Hotel Impossible is a reality television program from Travel Channel in which struggling non-chain hotels receive an extensive makeover by veteran hotel operator and hospitality expert Anthony Melchiorri and his team. The show premiered on April 9, 2012, and ended on November 13, 2017. After airing seven seasons, the series launched a spin-off series called Hotel Impossible: Showdown in which four hoteliers of a pre-selected region that visit and judge each other's establishments for the highest ranking and a prize of $25,000. During season 8, another spin-off series called Hotel Impossible: Five Star Secrets began airing. In it, Melchiorri visits luxury resorts, learns what makes them special, and awards a $5,000 super tip to a deserving staff member. The show was not renewed for a new season in 2018 and is "no longer in active production".

Premise 
Each episode featured a particular hotel (always independent of a major chain or hotel system) struggling with problems and not living up to its full potential. Twenty-plus year veteran hotelier Anthony Melchiorri secretly scouts each hotel and identifies the property's most urgent issues. He meets with staff, including front desk clerks, housekeeping staff, the maintenance team, and the owners themselves, to determine the key operation failures. Some owners risk losing their hotels if Melchiorri's innovations don't work. After devising a plan for physical, cosmetic, and procedural changes with his designer (usually Casey Noble or former Design Star contestant Blanche Garcia), Melchiorri works to revamp the hotel and its usually biggest problem—the hotel owners themselves.

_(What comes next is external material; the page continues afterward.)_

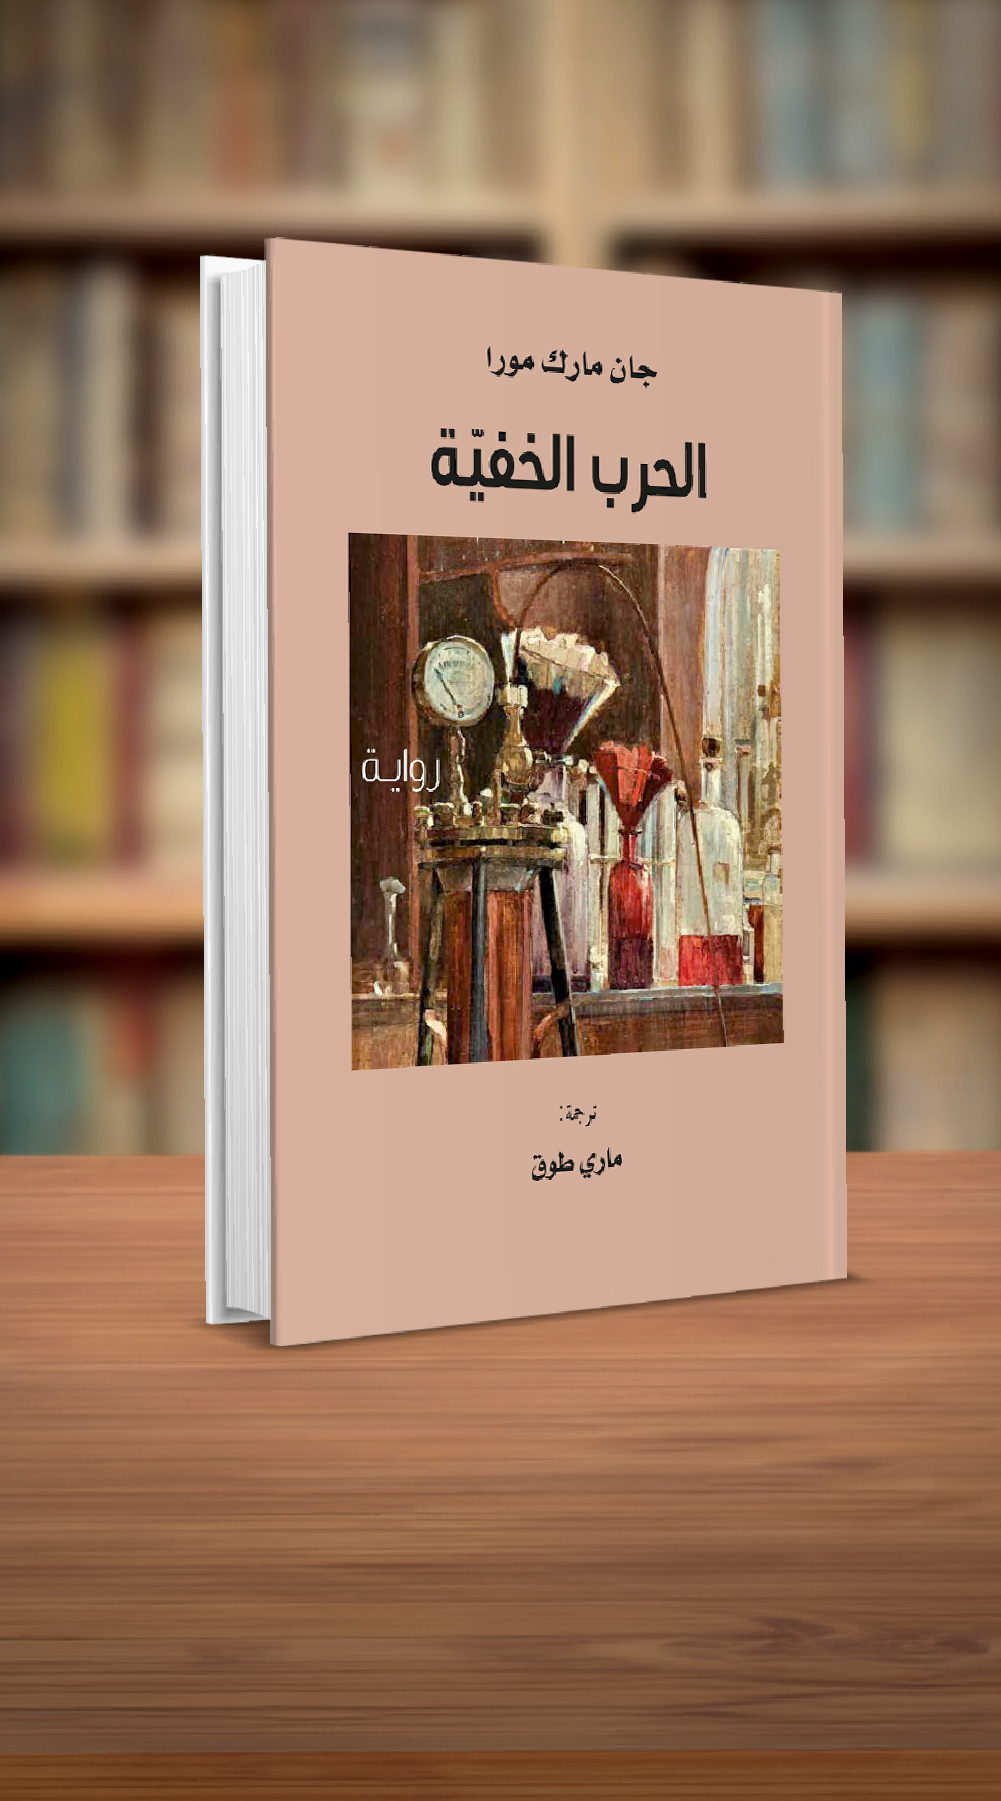 Abu Dhabi Arabic Language Centre publishes ‘La guerre insaisissable’, a Novel by French Author Jean-Marc Moura

Hotel Impossible was renewed for a second season by the Travel Channel in September 2012. A special titled After Anthony aired on February 4, 2013, reviewing the hotels visited in the first season. The third season debuted on August 12, 2013. In January 2014, before the fourth season debuted, a series of six half-hour follow-up episodes titled Hotel Impossible Undercover revisited individual hotels from previous seasons. The fourth season debuted January 27, 2014, the fifth season on October 7, 2014.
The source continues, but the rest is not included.